Эвелина не оправдывала смелости автора, считая ее бесстыдной, не понимала и назвала преступлением против бога любви то, что Бальзак осмелился подчеркнуть зависимость современной жизни только от денег, что герой его Рафаэль занят не только сердцем прекрасной женщины, но и мыслью о том, хватит ли у него денег, чтобы заплатить за карету. Письмо с подписью «Иностранка» дошло до адресата. Так началась переписка, перешедшая в знакомство, затем в любовь. И в ответном письме пришли в Верховню два слова, польстившие Эвелине, возвеличившие ее в собственных глазах, поднявшие ее над степными заснеженными просторами: «Северная Звезда» назвал он ее. Да, она верила, что с далекой Украины в Париж, на улицу Басс, она шлет ему голубой луч. Это была романтика, это была любовь.
У гробницы мужа легко Эвелине вспоминать прошлое. Мысли возникают сами, потому что настоящее переплетается с прошлым, потому что здесь, среди мрамора и холода, в полутьме, под тяжелым черным потолком, обретено истинное одиночество, потому, наконец, что скоро — вечером или утром, за ужином или за завтраком Ганна скажет: «Мама, вы снова ходили в часовню? Зачем вы себя мучаете?!» И этот вопрос, в котором будет подчеркнутое сочувствие, вызовет внимание Бальзака. Впрочем, нужно ли ей это?
Широко раскрыв глаза, она оглядывает часовню. Сколько еще места в склепе! Покойный муж и его предки позаботились и о потомках. Молчаливая суровость склепа раздражает Эвелину. Надежда найти здесь, в одиночестве, ответ на то, что мучило ее уже столько дней, оказалась тщетной.

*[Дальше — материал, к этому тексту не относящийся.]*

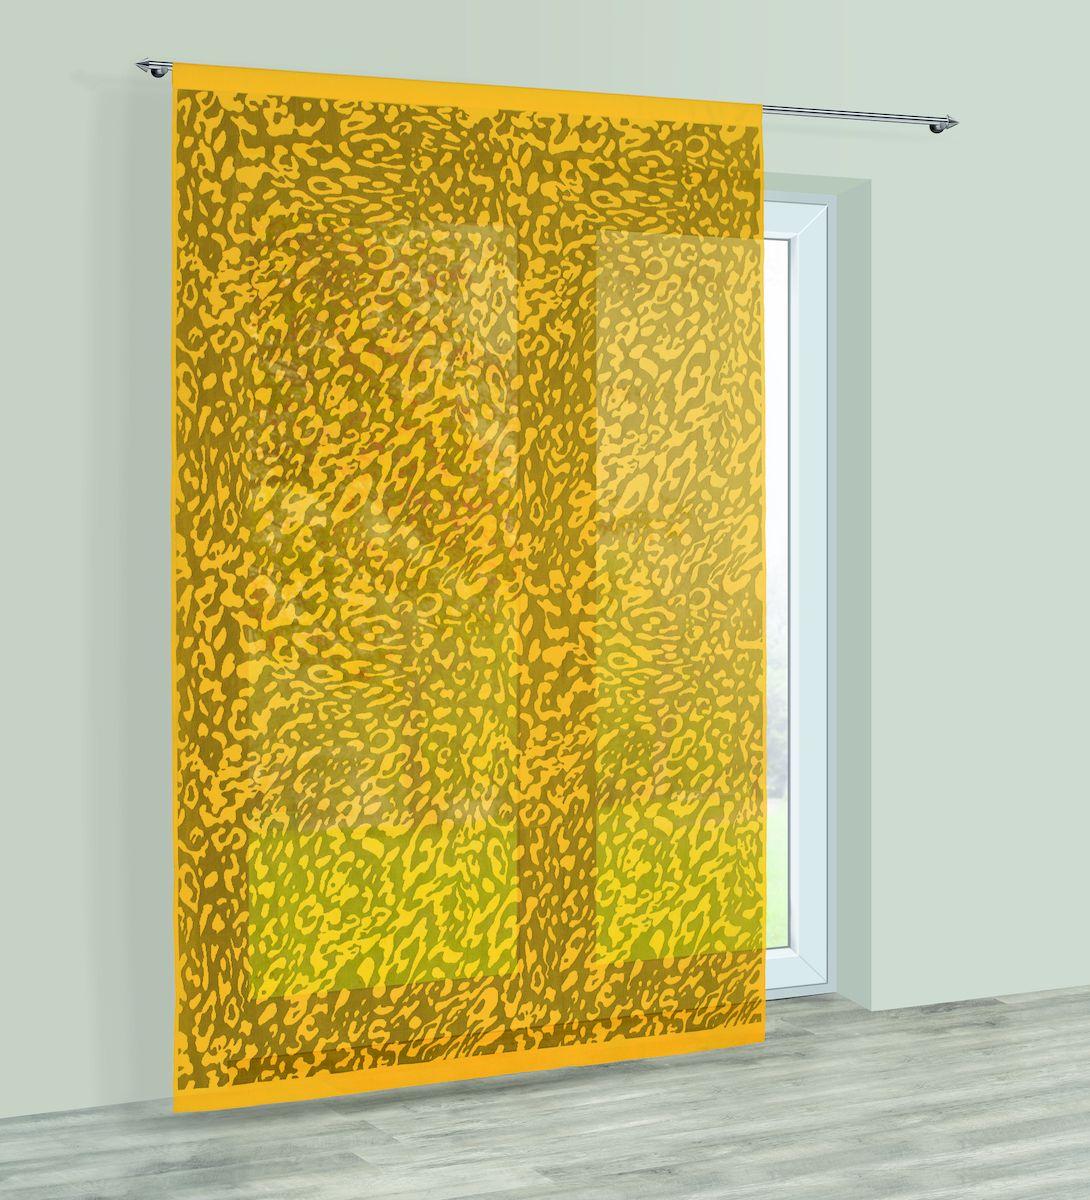 Гардина Haft, на кулиске, цвет: желтый, высота 250 см. 228540228540/250 золотоГардина Haft великолепно украсит любое окно. Изделие выполнено из полиэстера и декорировано под окрас животного. Изделие имеет оригинальный дизайн и органично впишется в интерьер помещения. Гардина крепится на карниз при помощи кулиски.

Эвелина поднялась, набожно перекрестилась и вышла из часовни, заперев за собой дверь на ключ. Осенний парк застыл в дремоте. После дождя наступила тишина. Неподалеку на прудах звонко раздавался утиный крик и плеск. С фольварка долетал веселый и однообразный стук молотилки. Над дорожкой скрестили могучие ветви вековые дубы. Под ногами сухо и резко шуршал песок. Эвелина в задумчивости прошла еще несколько шагов и опустилась на скамью под широким ветвистым дубом.
Вдали, в конце дорожки, виднелся южный фасад дворца. Сквозь строй обнаженных осенью деревьев колонны белели непривычно ярко. И едва только Эвелина села, сбросив с плеч плащ, как перед нею, словно из-под земли, вырос Кароль. Он почтительно поцеловал протянутую руку и сел рядом без приглашения, разрешив себе по-родственному эту фамильярность. Только тут Эвелина заметила, что он навеселе.
Она, отвернувшись, молчала, раздраженная неожиданным и ненужным появлением управителя. Он посматривал на нее искоса, сбоку, словно впервые видел, и не спешил начинать разговор, уверенный, что графиня не встанет со скамьи, не уйдет, а так и будет сидеть, ожидая, пока он не заговорит.
— Я давно хочу сказать вам кое-что, пани Эвелина, — наконец начал Ганский, переводя колючий взгляд на свои высокие охотничьи сапоги, — но вы так заняты последнее время, что я не решаюсь…
— Нет, отчего же, пан Кароль…
Она говорила ласково, чтобы смягчить разговор, который, она чувствовала это, грозил быть неприятным.
— О нет, пани Эвелина, вы в самом деле заняты. — Он настаивал, и Эвелина не возражала более. — Но мне хотелось бы… я считал бы крайне необходимым…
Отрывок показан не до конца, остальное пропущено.